Loss of ice is also apparent on land. The Greenland Ice Sheet continued to lose mass in 2025, though the annual loss was less than the 2003-24 mean due to enhanced snowfall and below-average melt. However, the long-term trend remains consistent; Greenland continues to be a major contributor to global sea-level rise and a driver of freshwater and nutrient inputs that influence North Atlantic ocean circulation and marine productivity. Similarly, Arctic glaciers and ice caps outside of Greenland have rapidly thinned since the 1950s, also contributing steadily to rising global sea levels.
The warming of ocean waters is also extremely consequential to the Arctic region. August mean sea surface temperatures (SSTs) show warming trends during 1982-2025 in almost all Arctic Ocean regions that are ice-free in August, with increases of ~0.3°C (~0.54°F) per decade in the region north of 65° N. This warming alters ecosystems and is a prime driver of sea ice loss. In 2025, August SSTs in most Arctic regions ranked among the warmest on record. Yet, stark regional differences were observed. While the Atlantic sector of the Arctic Ocean was anomalously warm, with SSTs as high as 7°C (12.6°F) above the 1991-2020 average, the Beaufort and northern Chukchi Seas in the Pacific sector were 1-2°C (1.8-3.6°F) cooler than average.

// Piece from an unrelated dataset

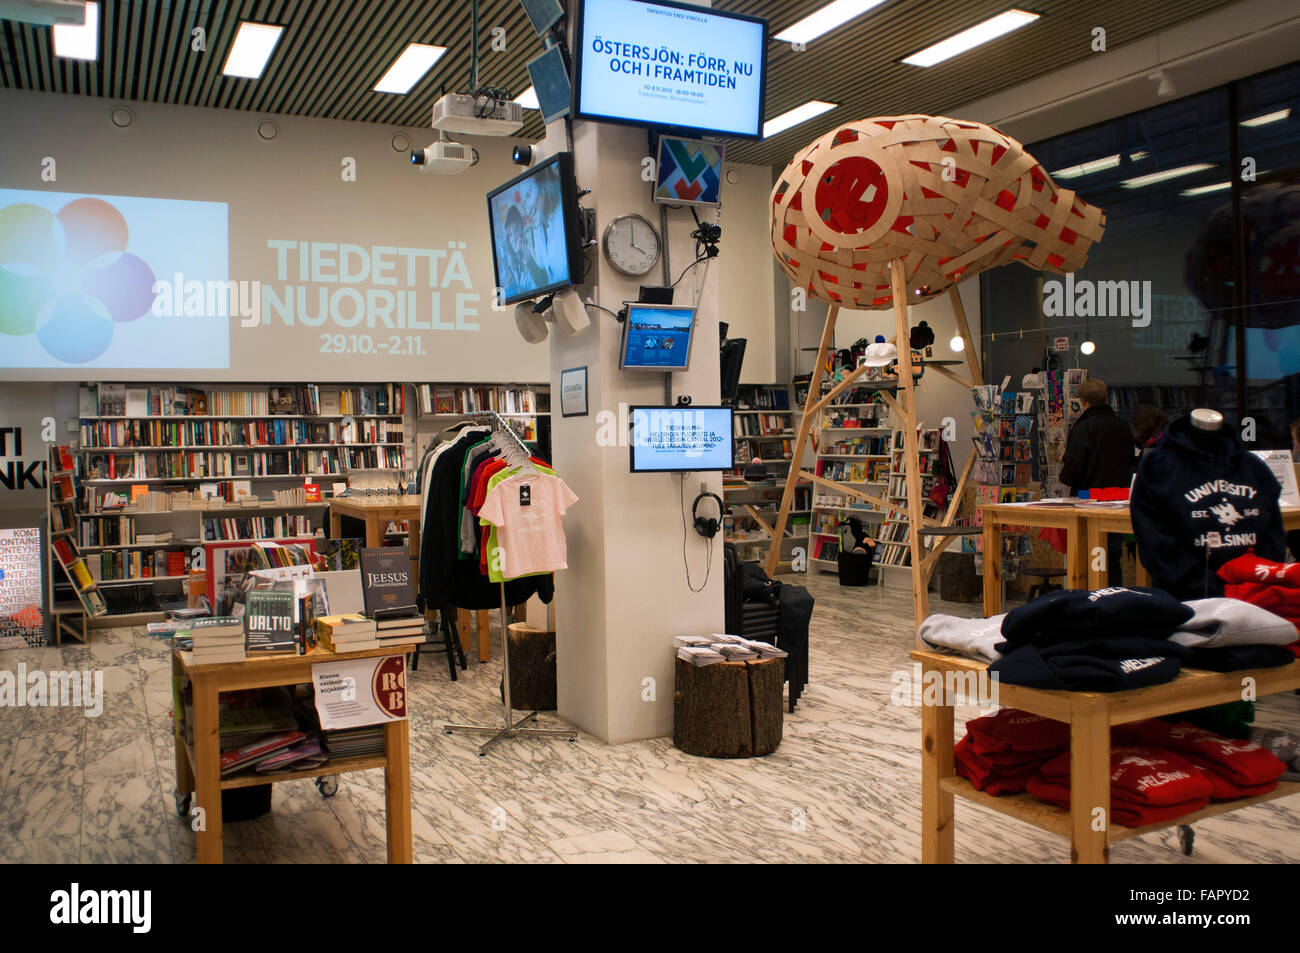 Tiedettä Nuorille store, Helsinki, Finlandia. Shop Tiedettä Nuorille è un esempio di come è possibile combinare un negozio di abbigliamento, una ca Foto Stock

- In Arctic Alaska, surface waters have changed from clear to orange in over 200 watersheds, with most changes occurring within the past decade. Evidence suggests this “rusting” is an emerging issue due to iron release from thawing permafrost soils.

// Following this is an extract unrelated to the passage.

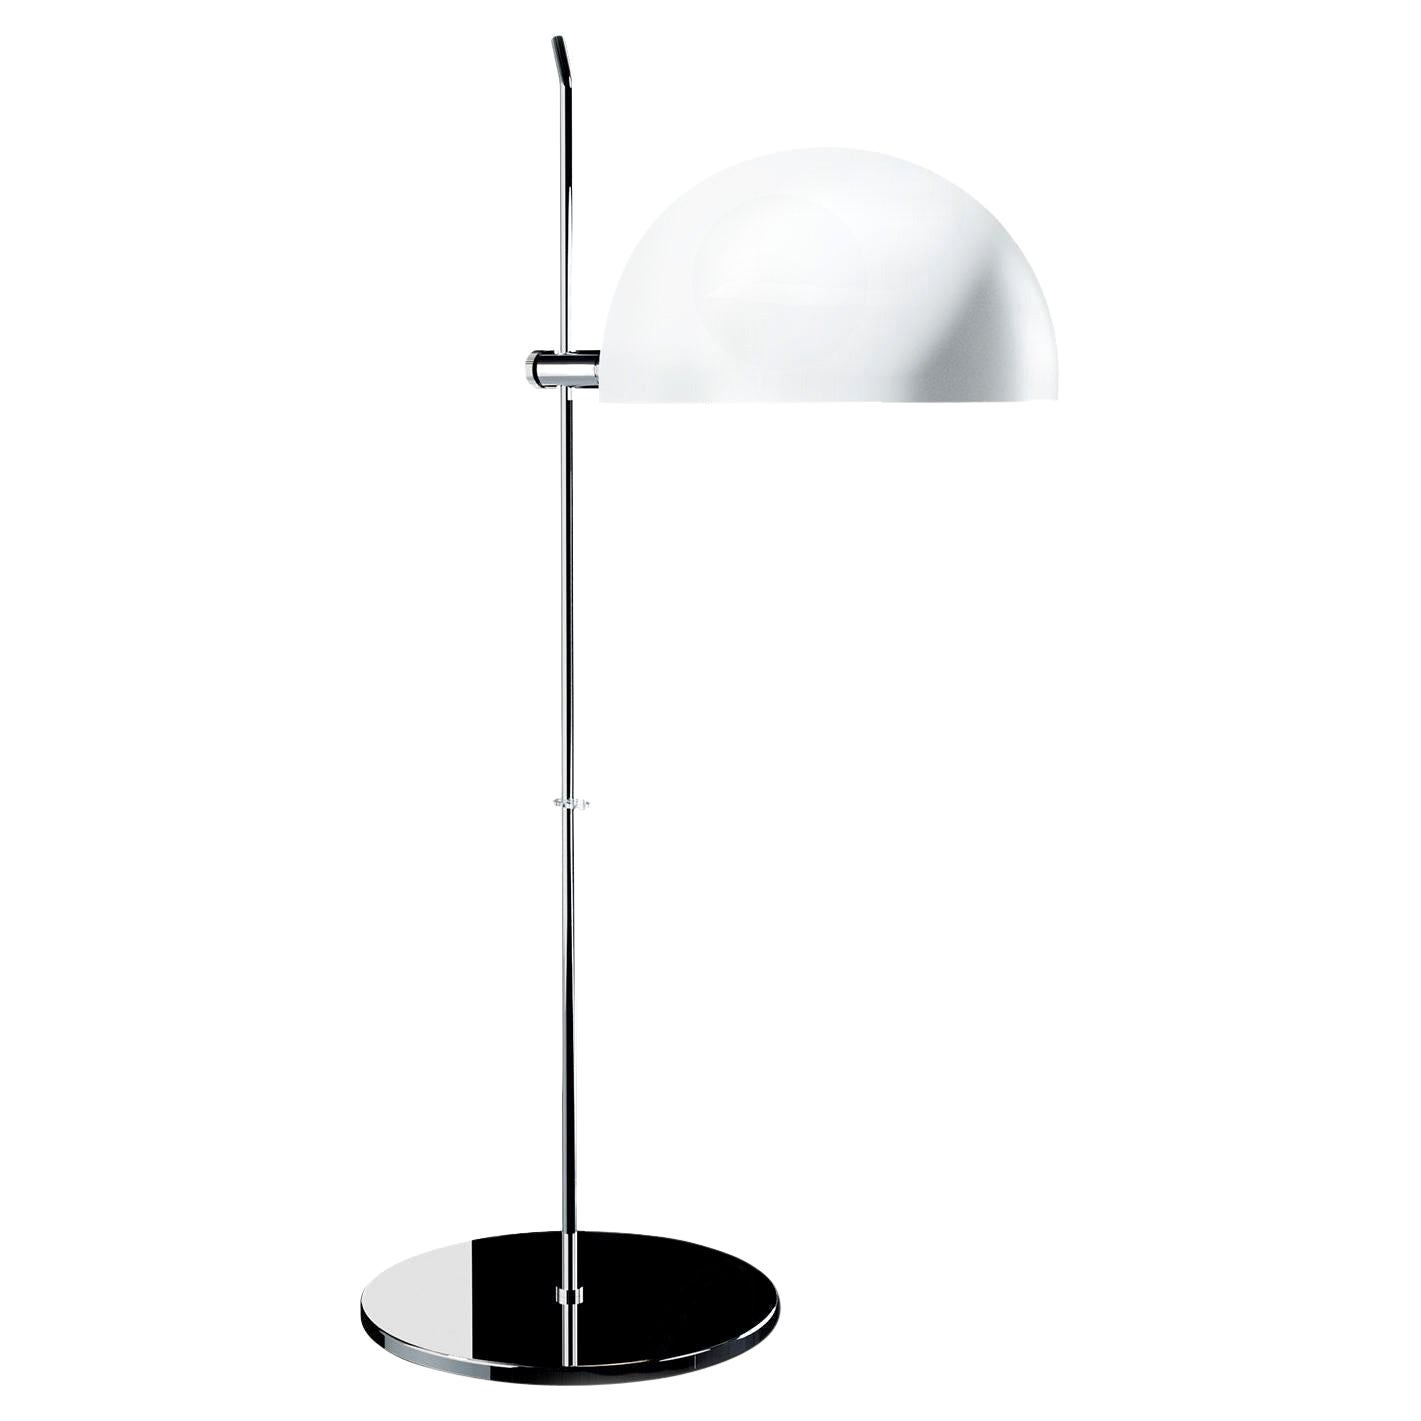 Alain Richard 'A21' Desk Lamp in White for Disderot

- Rusting rivers have degraded water quality and habitat, with increased acidity and toxic trace metal concentrations contributing to a loss of aquatic biodiversity in headwater streams.
- Ongoing research aims to understand the causes and consequences of rusting rivers, particularly regarding impacts to drinking water supplies for rural communities and subsistence fisheries.
In a 2024 study, we reported on the emergence of 75 streams in Alaska’s Brooks Range that had turned from clear to orange (O’Donnell et al. 2024). Since then, we have compiled additional observations from more than 200 streams and rivers that are discolored (Fig. 1; Hill 2024). These rusting rivers are visually striking (Fig. 2a,c,e) and are readily detected using satellite imagery. Using historical satellite imagery, we showed that most of these streams have changed color in the past 10 years. This shift coincides with a dramatic increase in air and ground temperatures across the region, indicating that recent permafrost thaw is a likely driver (Swanson et al. 2021).